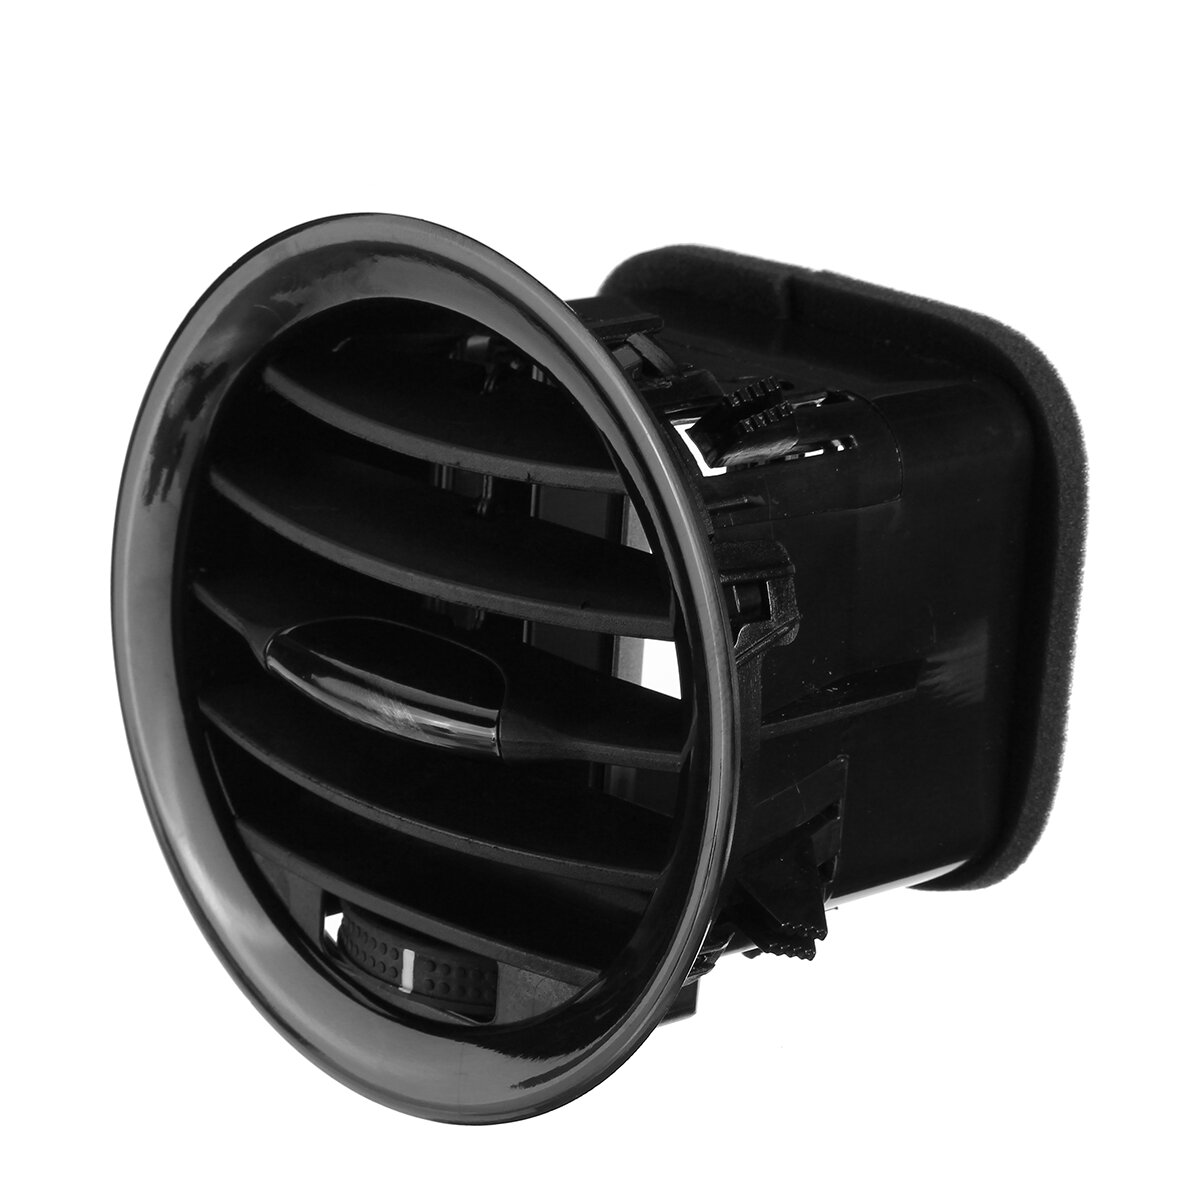 Black Interior Heater Air Vent Nozzle Grille For Vauxhall Opel ADAM CORSA D MK III
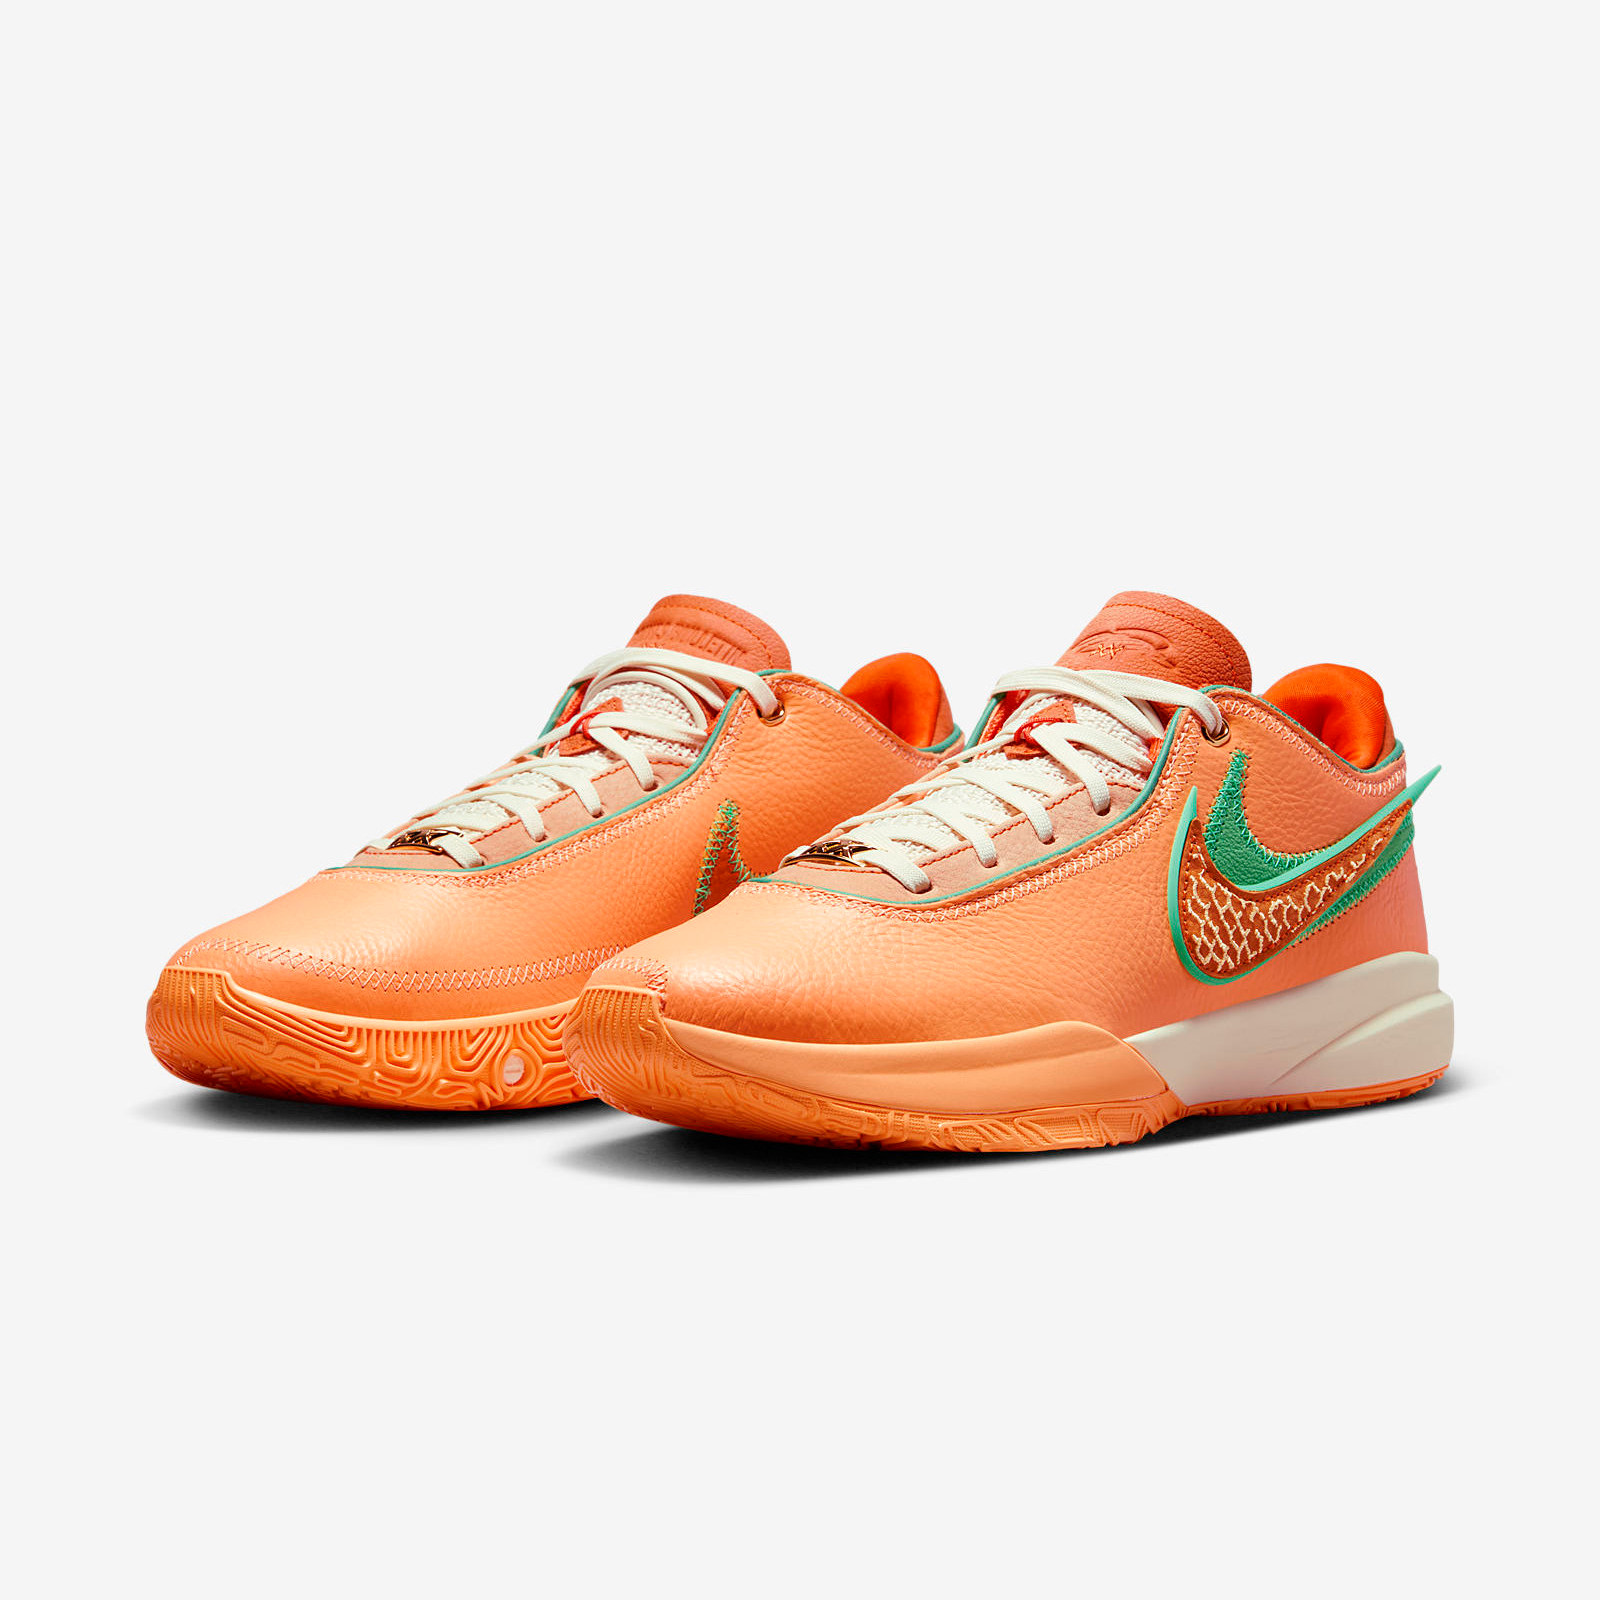 FAMU x Nike LeBron 20
« Peach Cream »
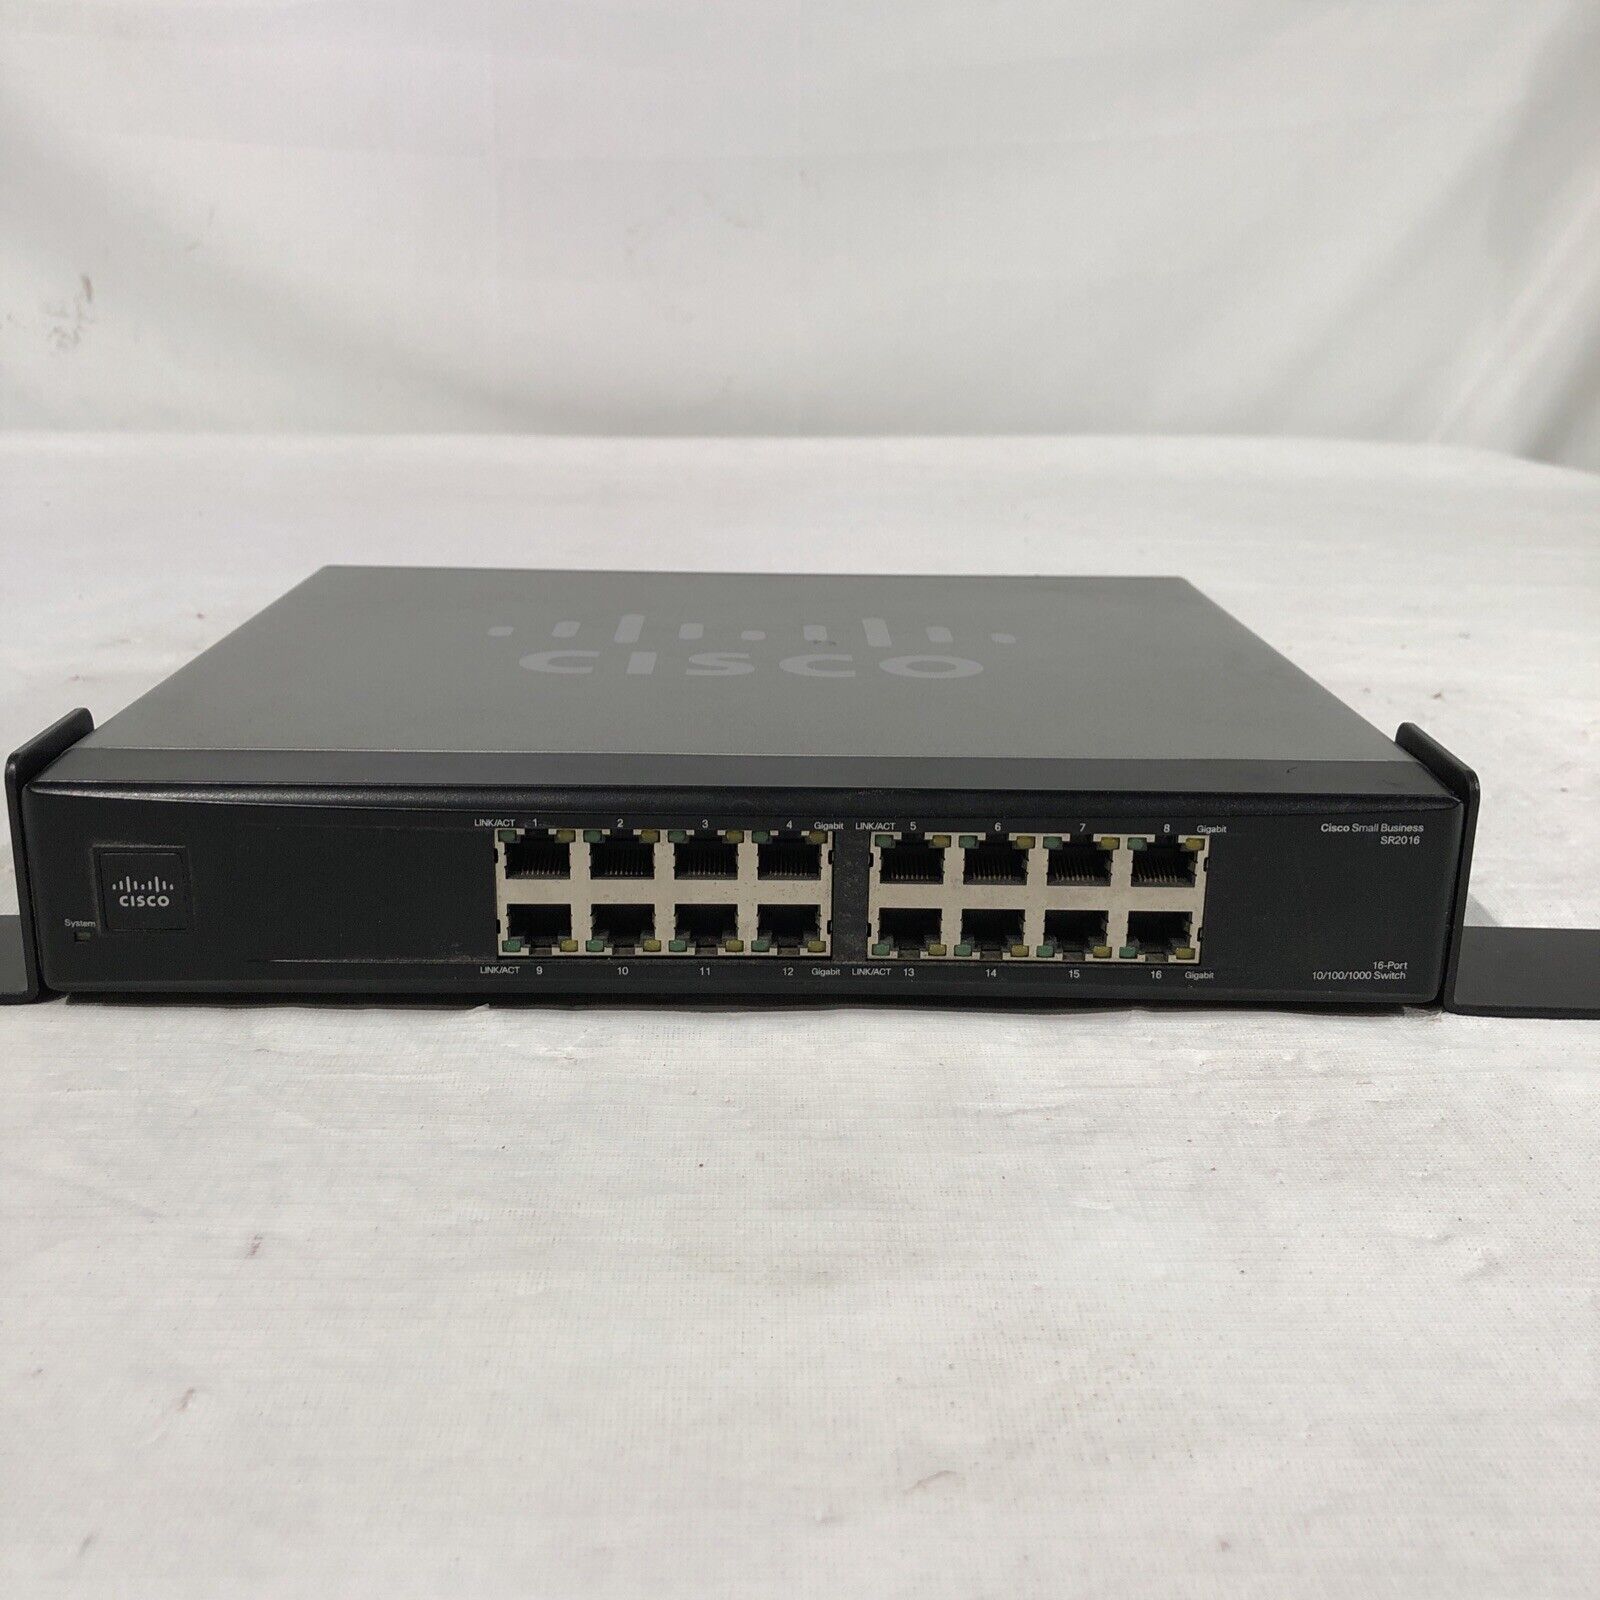 Cisco Small Business SR2016 v2.2 16-Port 10/100/1000 Gigabit Switch
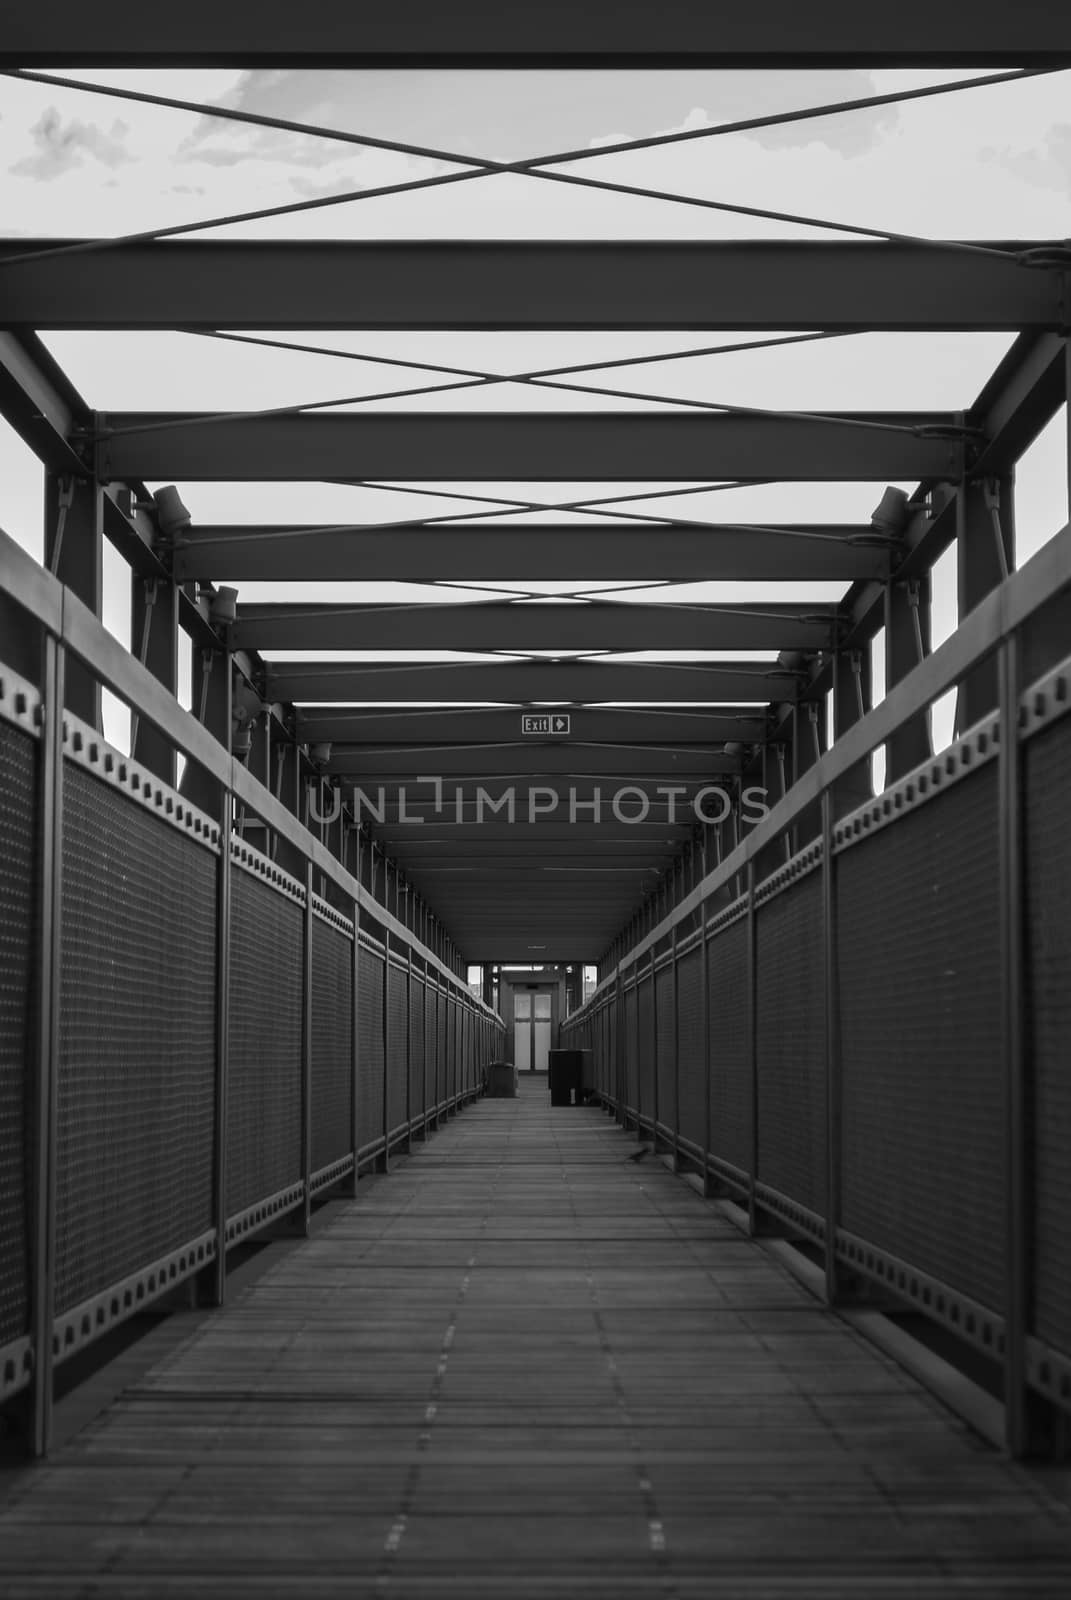 A black and white symmetrical walkway

##########

Brief -
Reproduce everything above exactly, images excluded.

Response to the exercise -
 Black Interior Heater Air Vent Nozzle Grille For Vauxhall Opel ADAM CORSA D MK III
 FAMU x Nike LeBron 20
« Peach Cream »
 Cisco Small Business SR2016 v2.2 16-Port 10/100/1000 Gigabit Switch
 A black and white symmetrical walkway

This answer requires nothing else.